The final day of Round 2 at the 2016 U.S. Open brought some more upsets and nail-biting battles. I have selected 6 of the most contested matches of the day and created point-by-point prediction charts to track the ebbs and flows of each. The expectations for each match are based on player Elo ratings. These ratings tells us how capable a player should be of winning a match against their drawn opponent if both players are playing to their expected ability.

As the match progresses, predictions are updated with the current score. So, at each point, the predictions are essentially asking how likely is it that this player will win now given the score he and his opponent have earned?

You can hover over any point in the match to determine who was serving and what the score was at that stage. The scores shown indicate the sets, games, and points won for the server-returner.
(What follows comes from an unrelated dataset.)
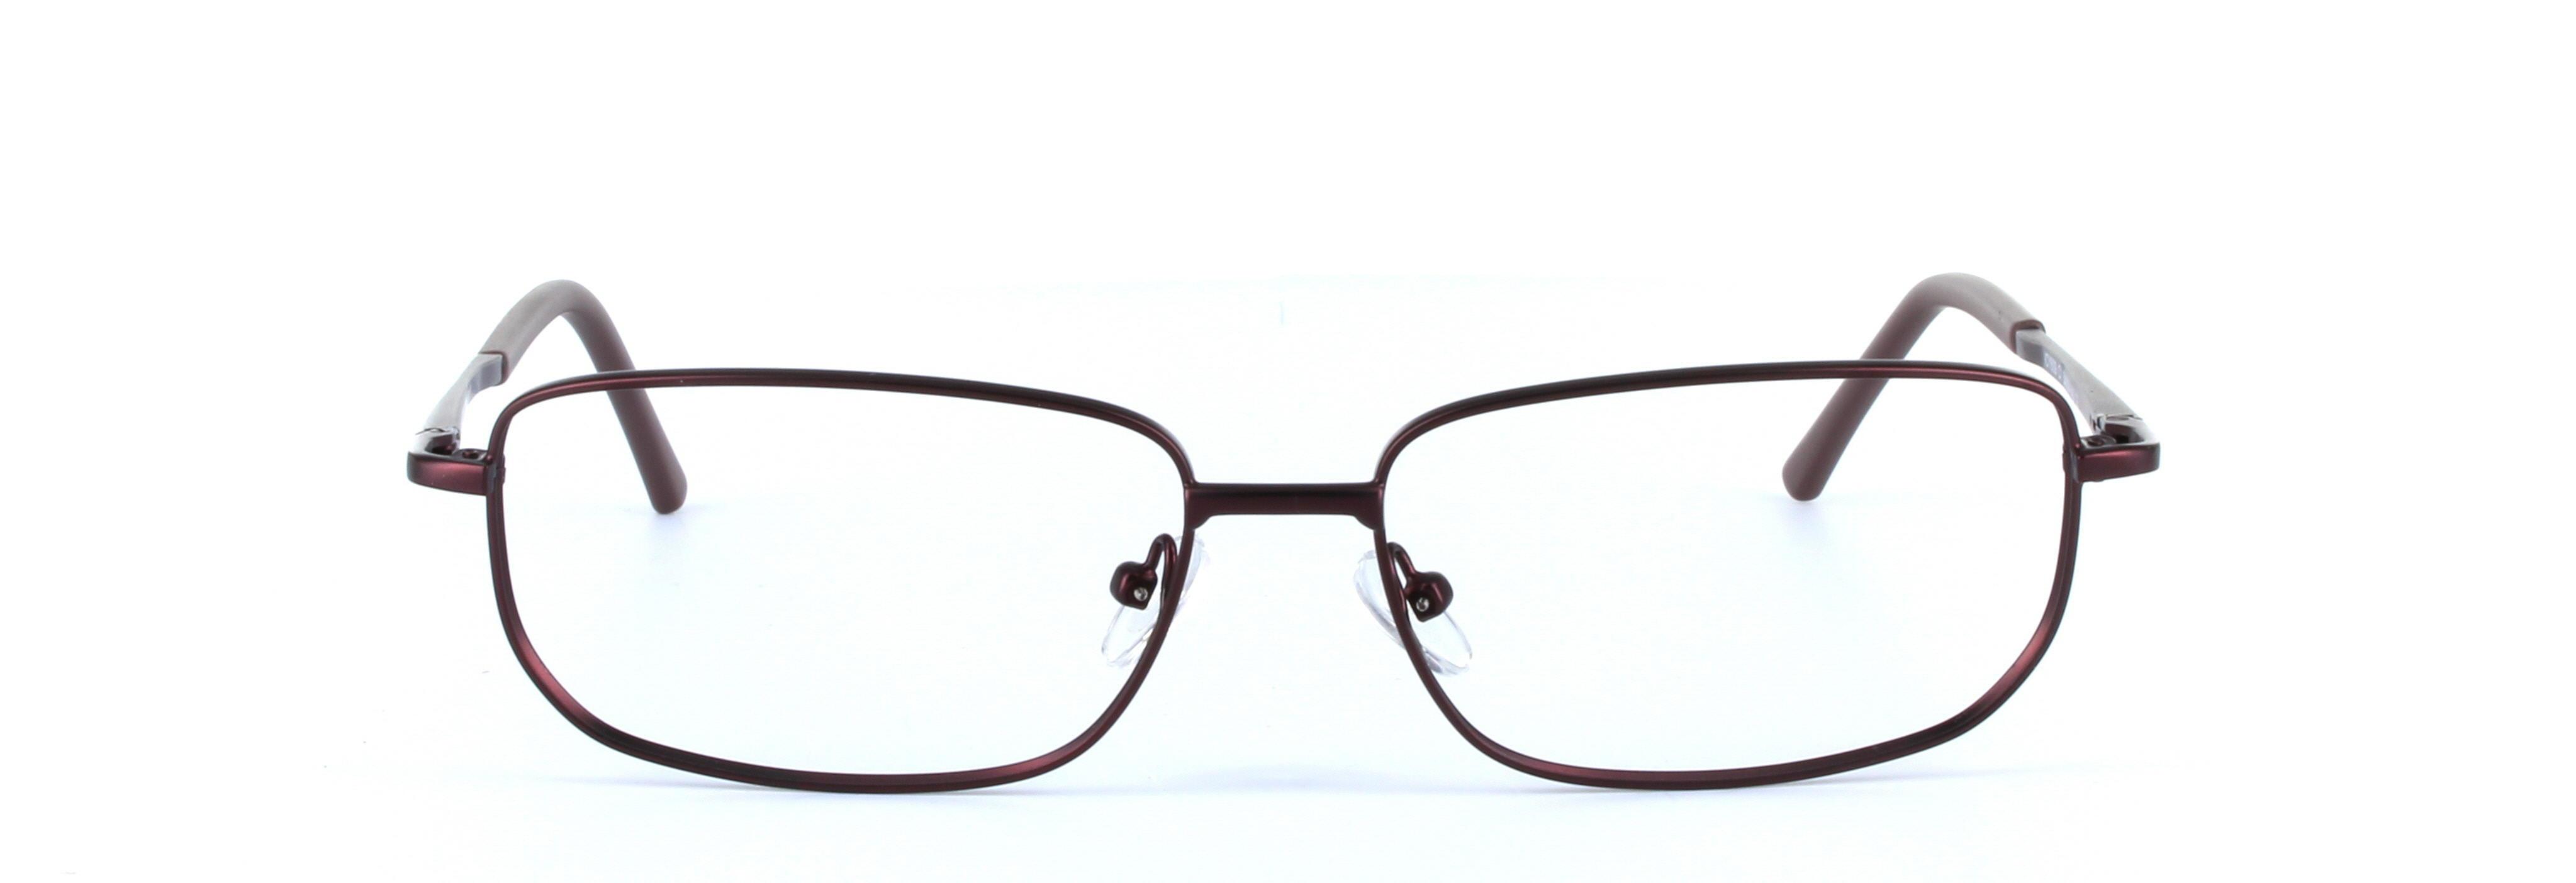 Alex Burgundy Full Rim Rectangular Metal Glasses - Image View 5

Victorious Varva Lepchenko (6-4 4-6 6-4)

One of the most surprising wins on Day 4 was American Lepchenko’s three-set defeat of Timea Bacsinszky. Going into the match, Lechenko was predicted to have just a 30% chance of pulling out a victory. Lepchenko threatened to turn that forecast on its head in the first set when she put a set on the board after 10 games. At this point in the match the odds were on Lepchenko’s side. Her win probability stayed between 60 and 70% for most of the second set, until the 9th game when Bacsinszky forced and won a break point and closed out the set on her next service game. This put all the cards on the outcome of the third, during which the chances for Lepchenko were back to her chances at the start of the match. We can see from the chart that the 9th game, again, became a critical one. After 2 exchanges of breaks, the 9th game saw the Lepchenko’s win chances swing dramatically from one point to the next as she fought off the threat of 3 break points. The confidence of holding that service game must have given Lepchenko the confidence, despite the odds against her, to take the win. Lepchenko broke Bacsinszky’s serve to take the match with one of the most definitive return games of the tournament.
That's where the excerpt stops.